Convert double into hex in C#

I开发者_开发技巧 have this value:

double headingAngle = 135.34375;

I would like to convert it to HEX and print the HEX to the console. I have already converted a string and int into their respective HEX values, but a double seems to be much more tricky. Can someone point me in the right direction?

Well, I googled for a minute or two and according to this here is a quite ellegant solution

    double d = 12.09;
    Console.WriteLine("Double value: " + d.ToString());
    byte[] bytes = BitConverter.GetBytes(d);
    Console.WriteLine("Byte array value:");
    Console.WriteLine(BitConverter.ToString(bytes));

You can convert base 10 to base 16 by continually multiplying the fraction by 16, stripping out the 'whole' number, and repeating with the remainder.

So to convert 0.1 Decimal to Hex

0.1 * 16
= 1.6

So 1 becomes the first hex value. Keep going with the remaining 0.6

0.6 * 16 = 9.6

So 9 becomes the second hex value. Keeping going with the remaining 0.6

0.6 * 16 = 9.6

etc.

So 0.1 Decimal = 0.19999.. recurring hex

From memory this works for any radix. Obviously in hex a whole value of 10 would be A etc.

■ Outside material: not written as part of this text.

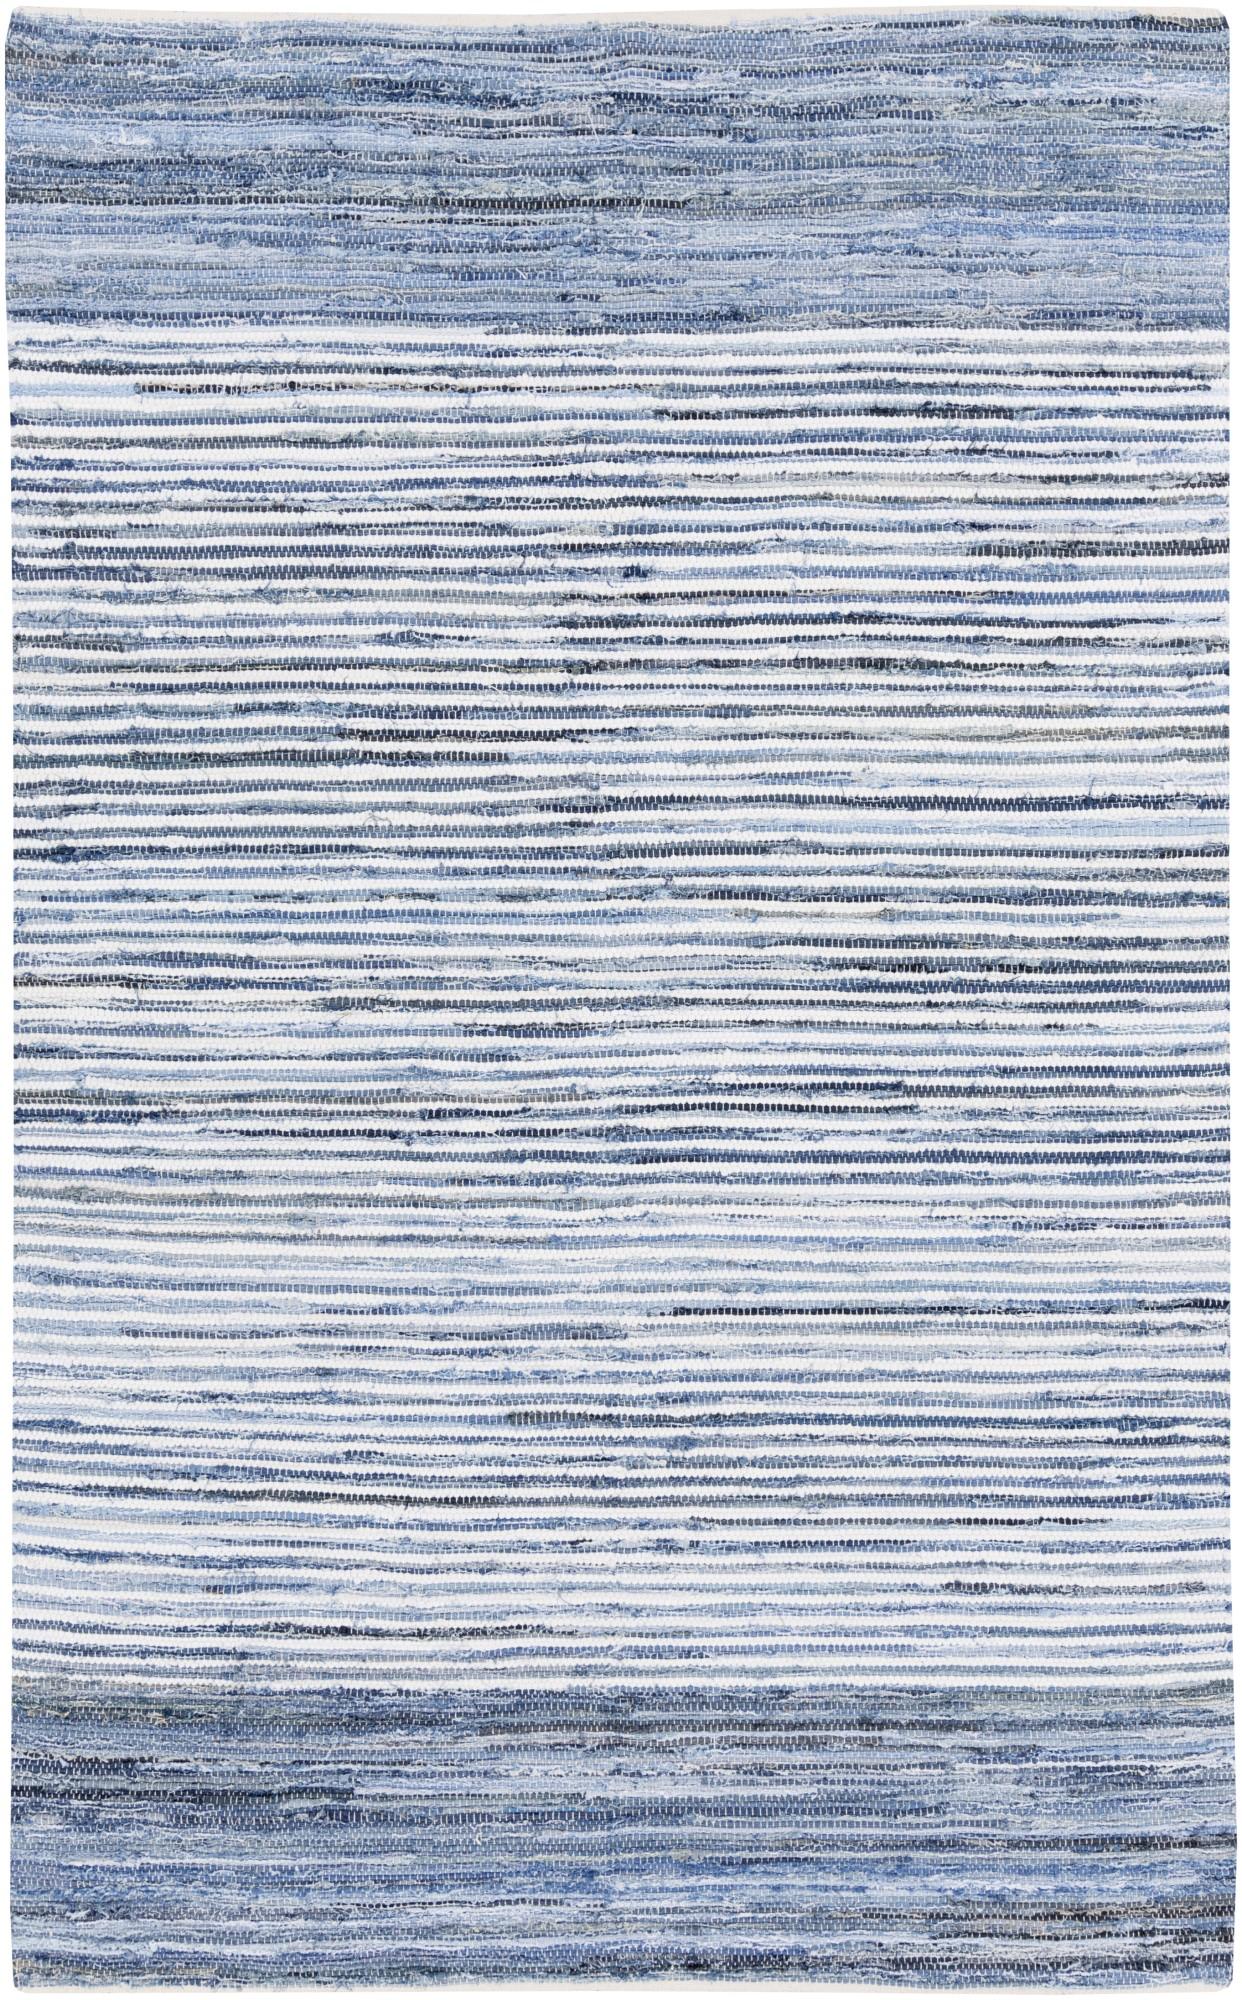 Surya Denim Dnm 1001 Rug Striped

Assuming you want to convert to hexadecimal base/radix, the following should do the trick:

static void Main(string[] args)
{
    Console.WriteLine(Base16(135.34375, 10));
    Console.ReadLine();
}

private static string Base16(double number, int fractionalDigits)
{
    return Base(number, fractionalDigits, new char[]{
        '0', '1', '2', '3', '4', '5', '6', '7', '8', '9',
        'A', 'B', 'C', 'D', 'E', 'F' });
}

private static string Base(double number, int fractionalDigits, params char[] characters)
{
    int radix = characters.Length;
    StringBuilder sb = new StringBuilder();

    // The 'whole' part of the number.
    long whole = (long)Math.Floor(number);
    while (whole > 1)
    {
        sb.Insert(0, characters[whole % radix]);
        whole = whole / radix;
    }

    // The fractional part of the number.
    double remainder = number % 1;
    if (remainder > Double.Epsilon || remainder < -Double.Epsilon)
    {
        sb.Append('.');

        double nv;
        for (int i = 0; i < fractionalDigits; i++)
        {
            nv = remainder * radix;
            if (remainder < Double.Epsilon && remainder > -Double.Epsilon)
                break;
            sb.Append(characters[(int)Math.Floor(nv)]);
            remainder = nv % 1;
        }
    }

    return sb.ToString();
}

The hexadecimal conversion of 135.34375 is 87.58.

BitConverter.DoubleToInt64Bits(value).ToString("X")

Try this:

public static string Format(double number, double @base)
{
    StringBuilder format = new StringBuilder();
    if(number < 0)
    {
        format.Append('-');
        number = -number;
    }
    double log = Math.Log(number, @base);
    bool frac = false;
    double order;
    if(log < 0)
    {
        frac = true;
        format.Append(digits[0]);
        format.Append('.');
        order = 1/@base;
    }else{
        order = Math.Pow(@base, Math.Floor(log));
    }
    while(number != 0 || order >= 1)
    {
        double digit = Math.Floor(number/order);
        if(digit >= @base) break;
        number = number-digit*order;
        number = Math.Round(number, 15);
        if(order < 1 && !frac)
        {
            format.Append('.');
            frac = true;
        }
        order /= @base;
        if(digit >= 10)
        {
            format.Append((char)('A'+(digit-10)));
        }else{
            format.Append((char)('0'+digit));
        }
    }
    return format.ToString();
}

Use it like Format(headingAngle, 16). You can also comment out number = Math.Round(number, 15); for more interesting results. ☺

Result is in culture-invariant format. For 135.34375, it returns 87.58.